Notes about the environment problem

TIES542 Principles of Programming Languages, Spring 2017
Antti-Juhani Kaijanaho

All programmers are probably aware of the basic stack-frame technique of implementing basic subroutine (function, method) calls. There is a stack (usually drawn as growing downward) where each time a subroutine call is made, new stack frame (in Finnish pinokehys) is pushed. The stack frame contains things like

the return address (where control should be returned after the call is finished), and
some local variables of the called function.
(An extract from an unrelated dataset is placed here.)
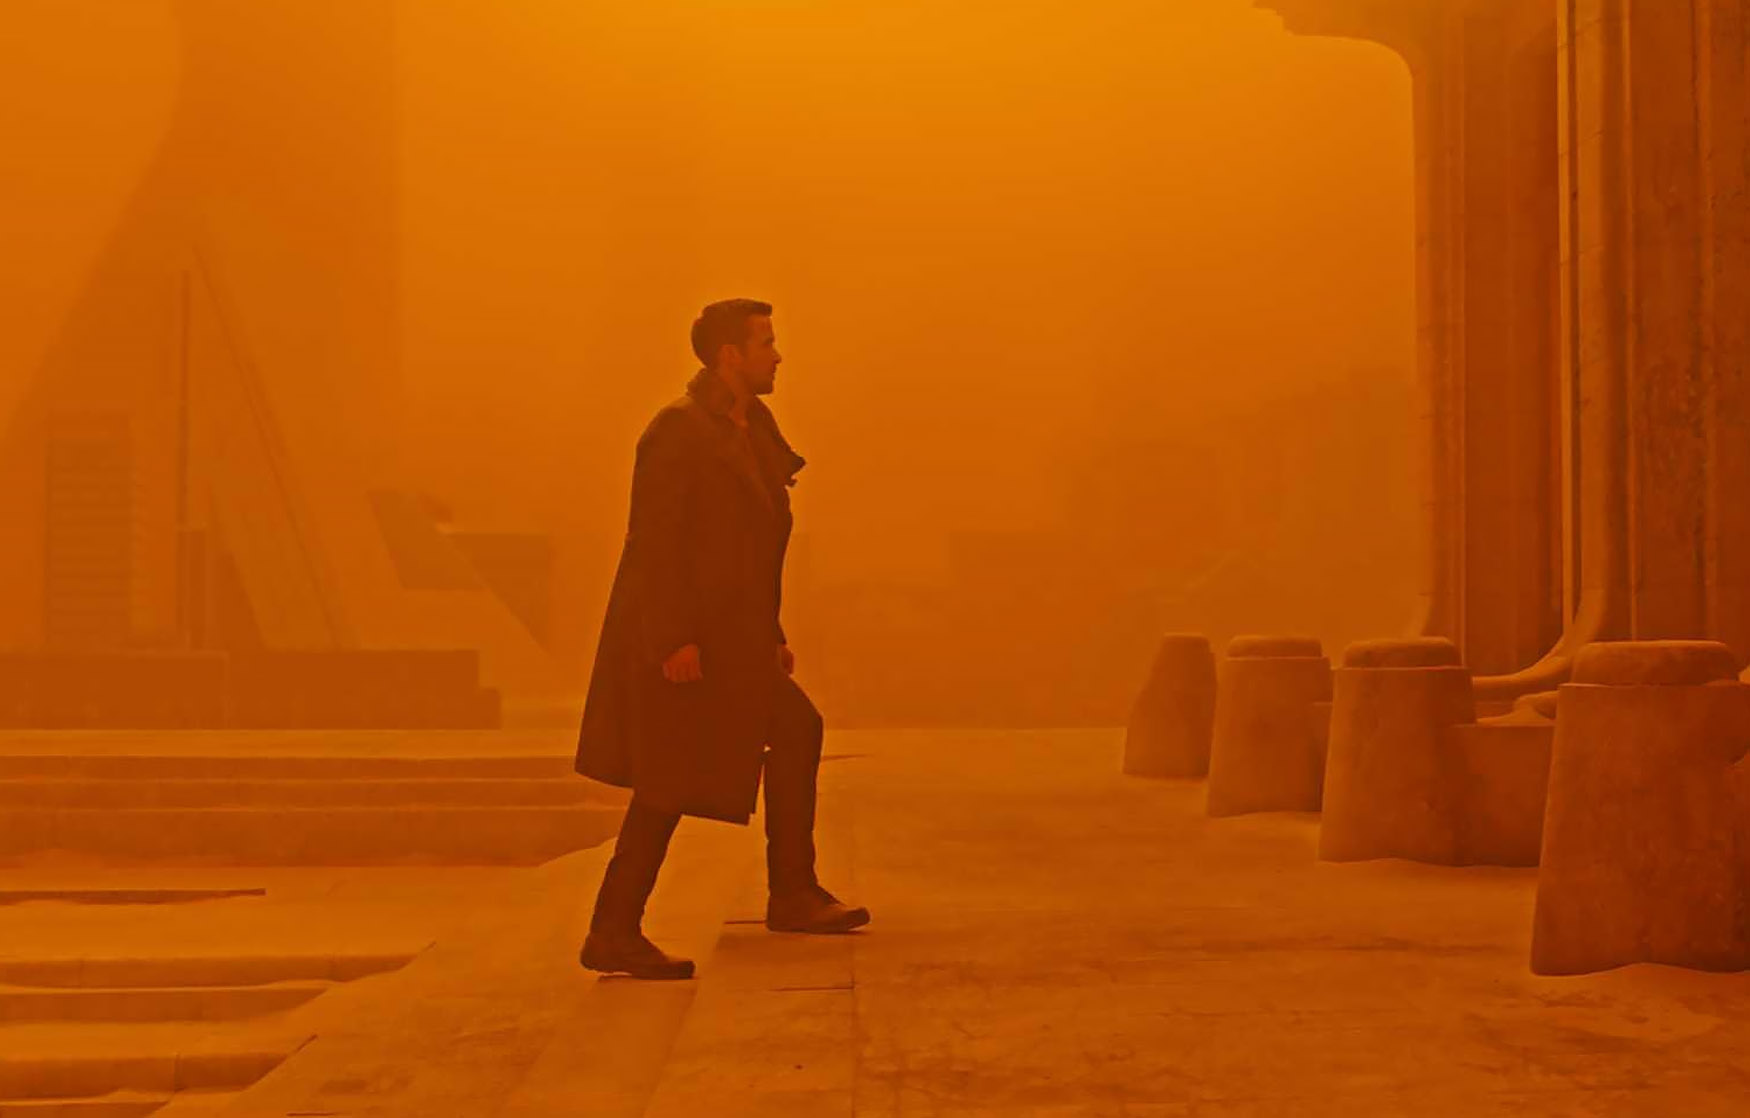 San Francisco basically looks like the apocalypse right now

The environment problem (also known as the funarg problem) occurs when a language permits both defining subroutines inside subroutines (as lambda expressions or otherwise) and passing subroutines around as data (whether as arguments, as return values, or as the contents of a variable). Except for C, all major modern languages support this in one form or another.

For example, Java has always supported so called anonymous inner classes. These are subclasses declared directly in a new expression and have been used for decades to code simple callbacks (listeners) in AWT and Swing and related applications. Java 8 adds support for lambda expressions, which are a more compact way to express the most common use cases.

The simple version of the environment problem (called the downward funarg problem) concerns situations where a locally declared subroutine is passed as an argument to some subroutine, which (either itself or via some other subroutine it calls) then calls this argument subroutine before returning. A classic example is passing an ordering function, whose behavior depends on local variables of its enclosing subroutine, to a sort subroutine, like this (C-like pseudocode):

enum direction { FORWARD, BACKWARD };
void foo(enum direction dir)
{
    int compare(string a, string b) {
        switch (dir) {
        case FORWARD:
            return strcmp(a, b);
        case BACKWARD:
            return strcmp(b, a);
        }
    }
    ....
    string array[];
    ...
    sort(array, compare);
    ...
}

After foo calls sort, and sort calls its second parameter (here foo's compare), the stack looks like this:

Stack after sort has called foo's inner compare

The environment problem: how does compare know where the dir variable it needs is located? If foo is recursive, there may be multiple dir variables on the stack. Theoretically, sort may also possess a local variable called dir (and in some situations this is not at all a theoretical issue).

The standard solution is to pass compare to sort as an object containing two fields: one specifies the routine code to be called, and the other points out the stack frame of the foo activation that actually created that object. We call the latter the static link. This two-field object is nowadays commonly called a closure (in Finnish sulkeuma); the Moses paper called it FUNCTION.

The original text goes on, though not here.